• _WHAT TO PRODUCE_
Reproduce all the lines below exactly and omit the images.

• _GIVEN DATA_

<<<<

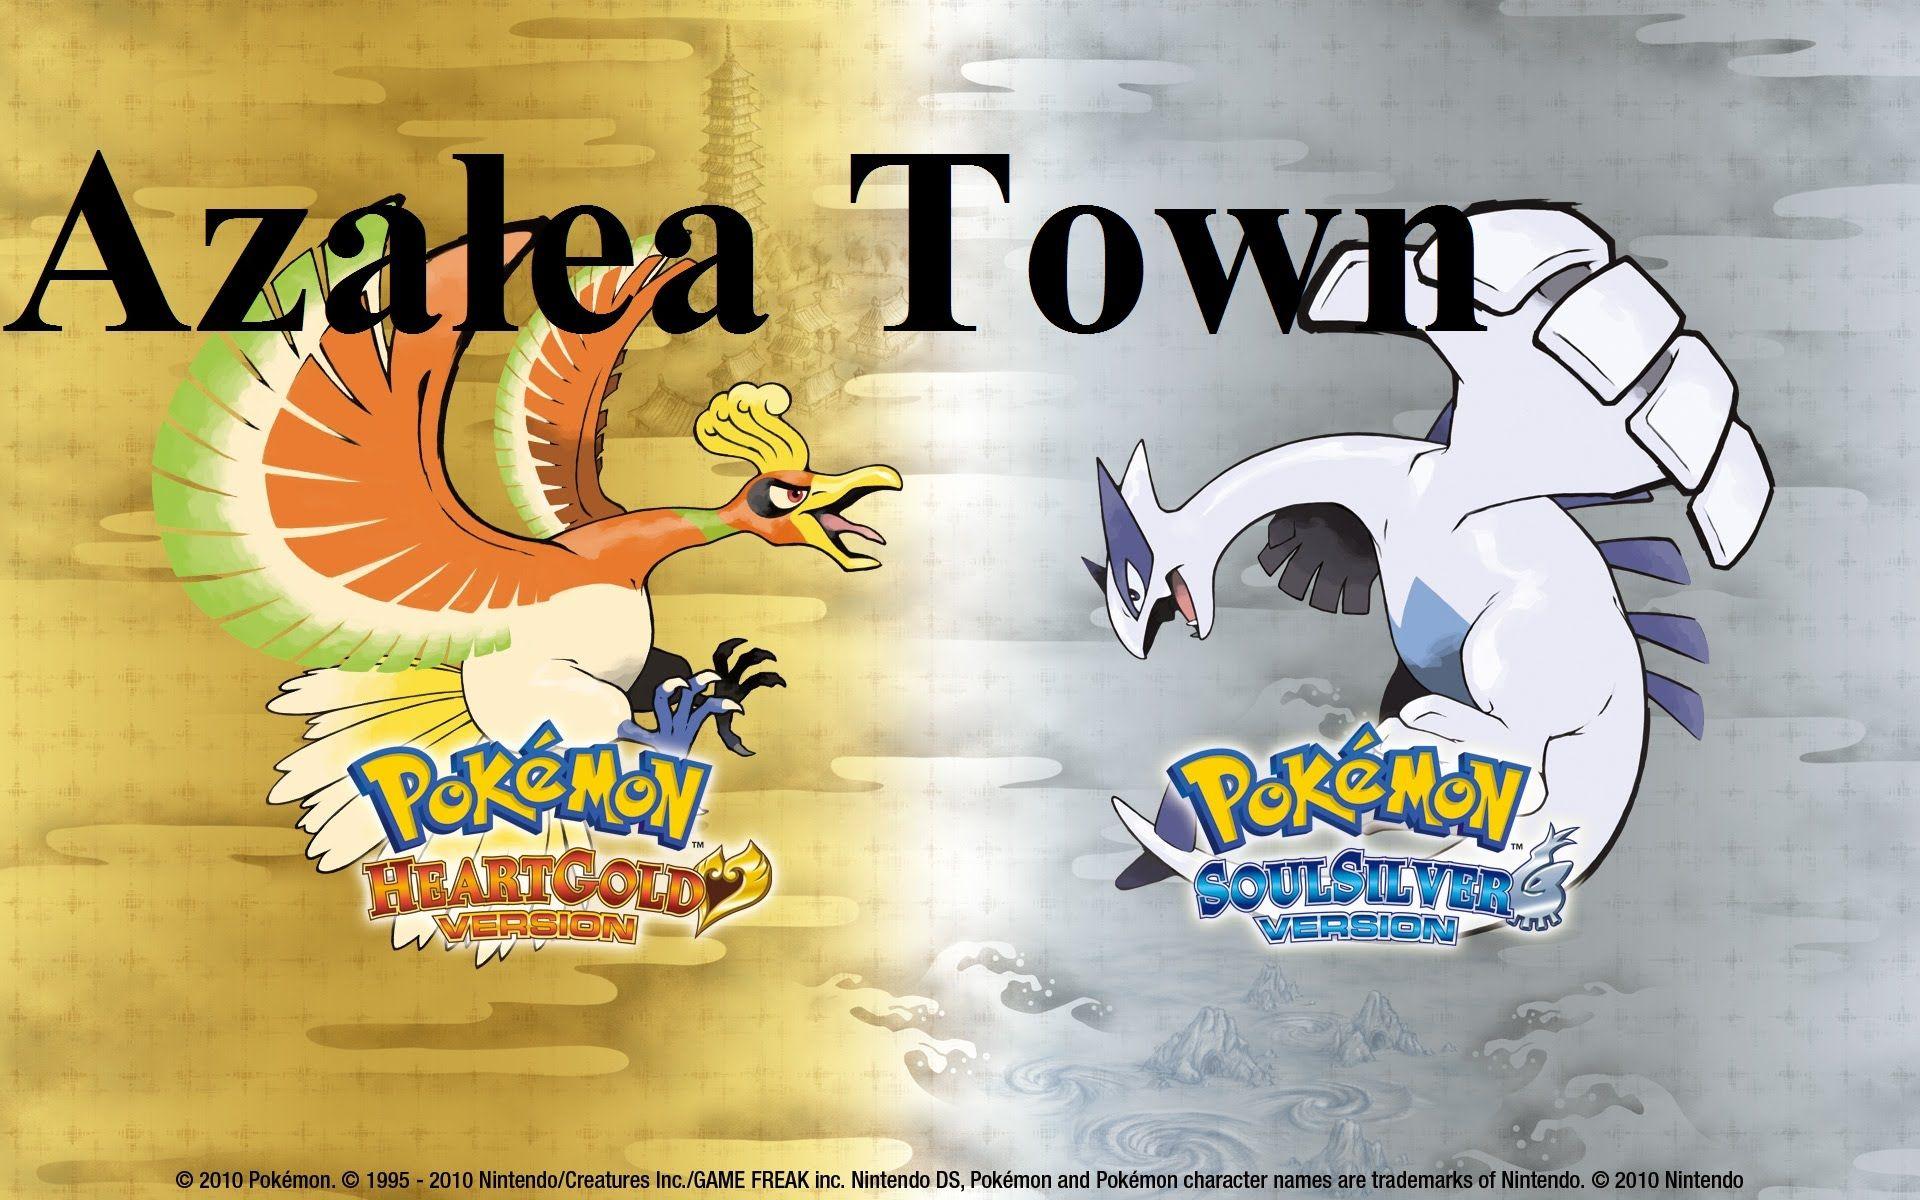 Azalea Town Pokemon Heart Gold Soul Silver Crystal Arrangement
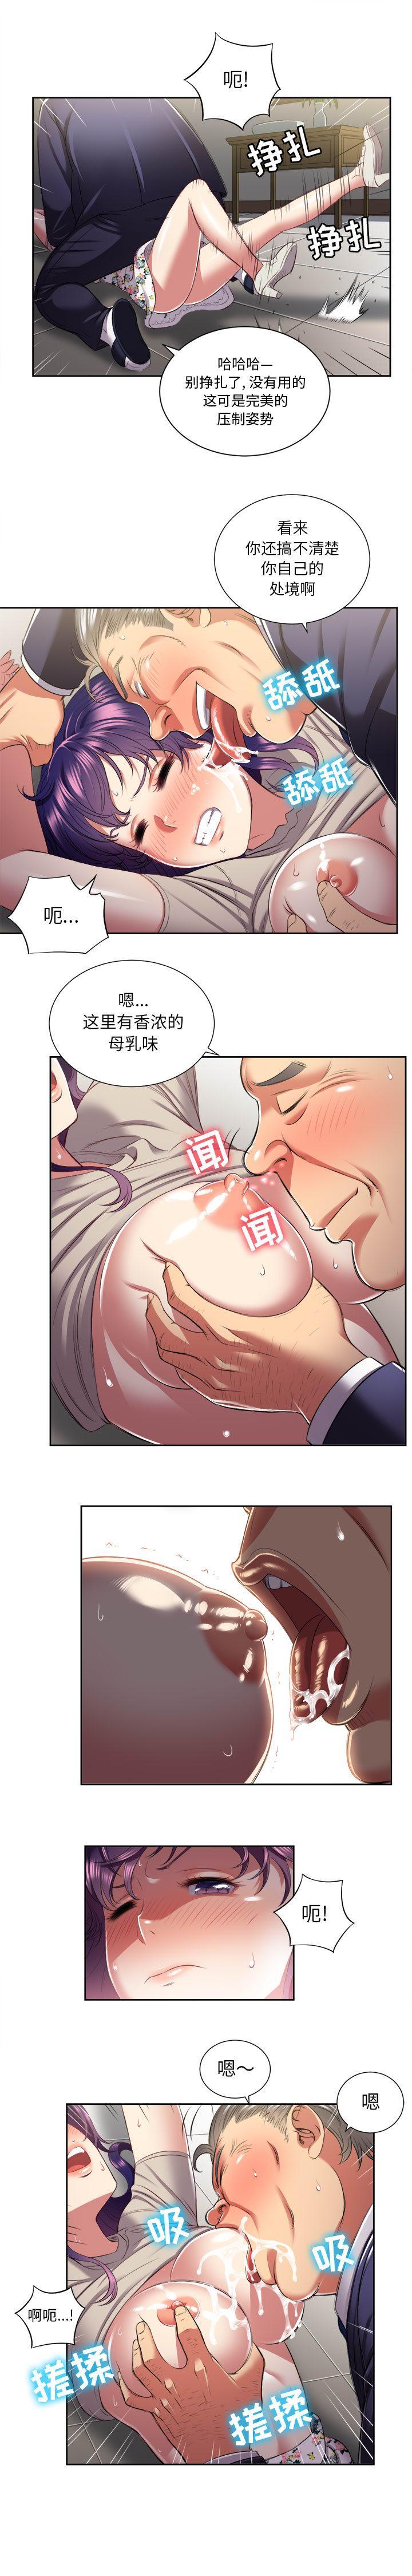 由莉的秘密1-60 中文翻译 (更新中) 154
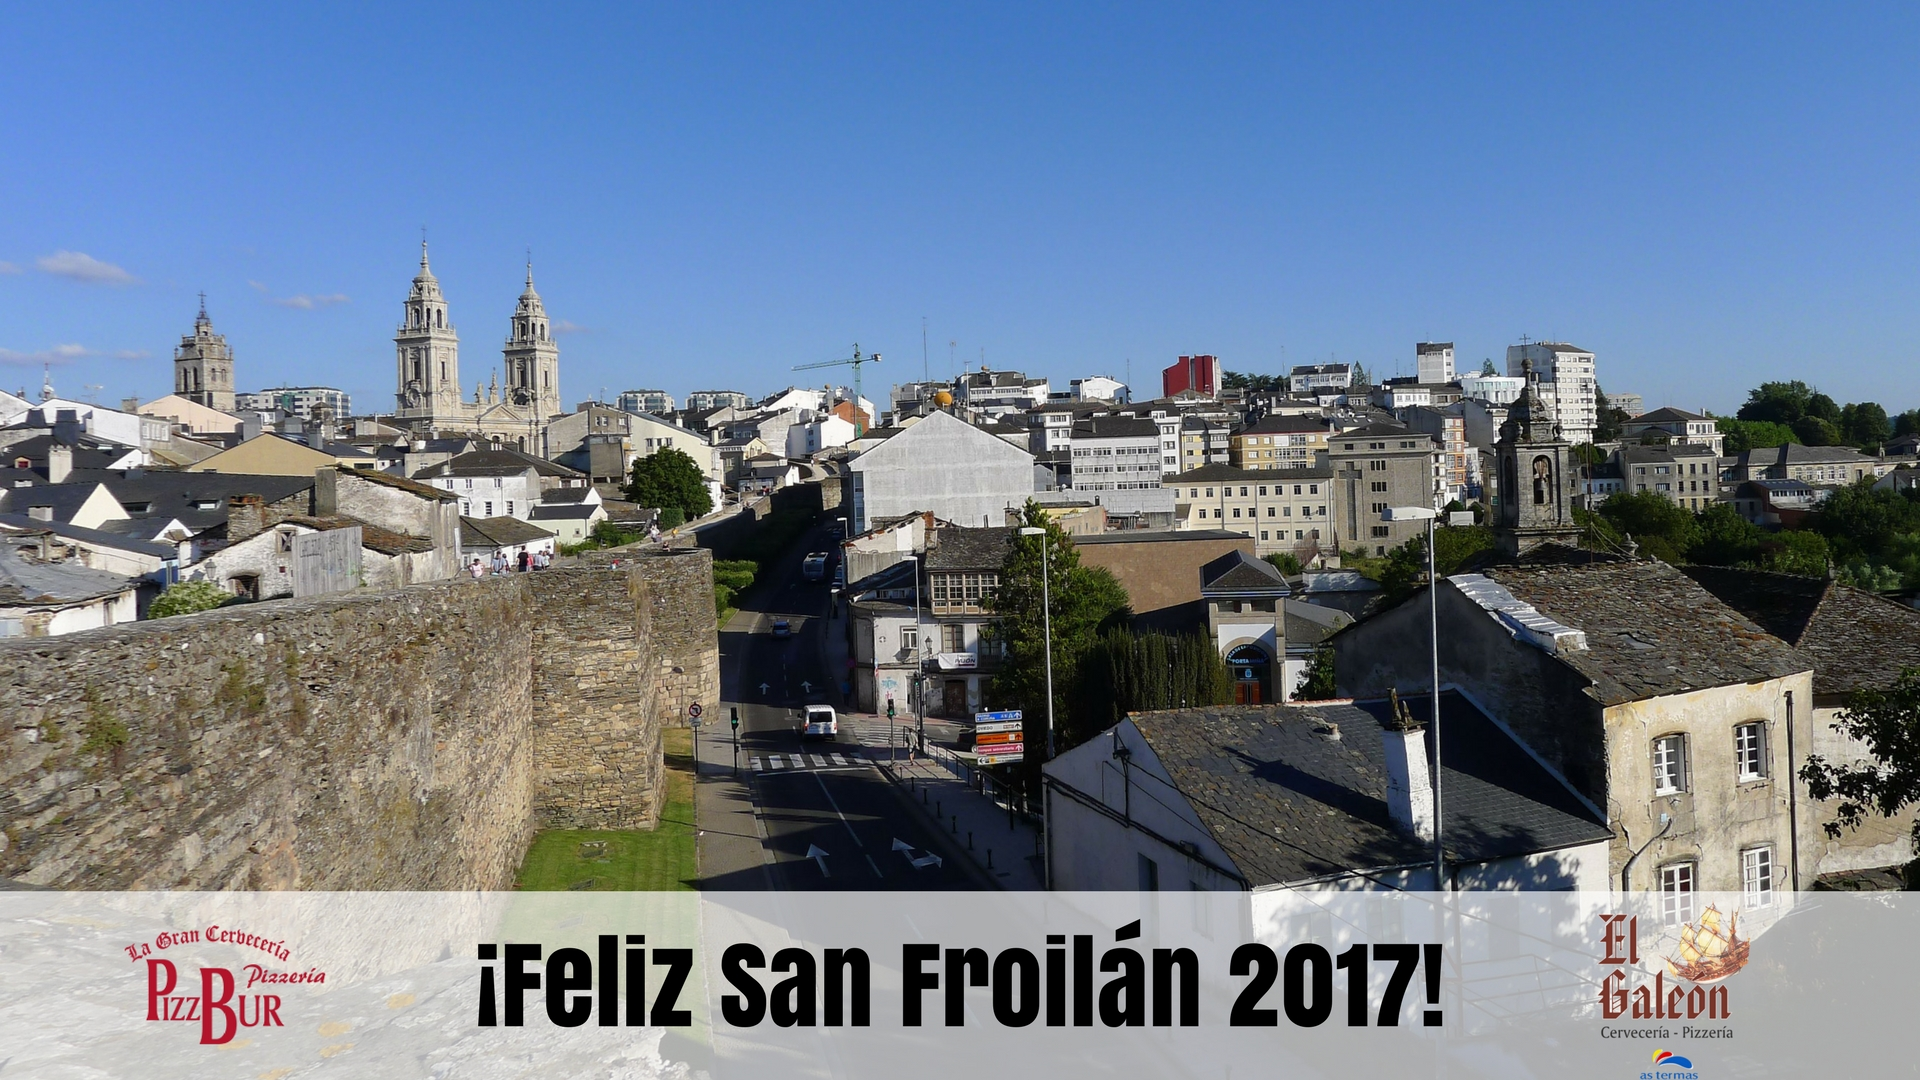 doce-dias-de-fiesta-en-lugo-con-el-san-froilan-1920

>>>>

• _TASK RESPONSE_
 Azalea Town Pokemon Heart Gold Soul Silver Crystal Arrangement
 由莉的秘密1-60 中文翻译 (更新中) 154
 doce-dias-de-fiesta-en-lugo-con-el-san-froilan-1920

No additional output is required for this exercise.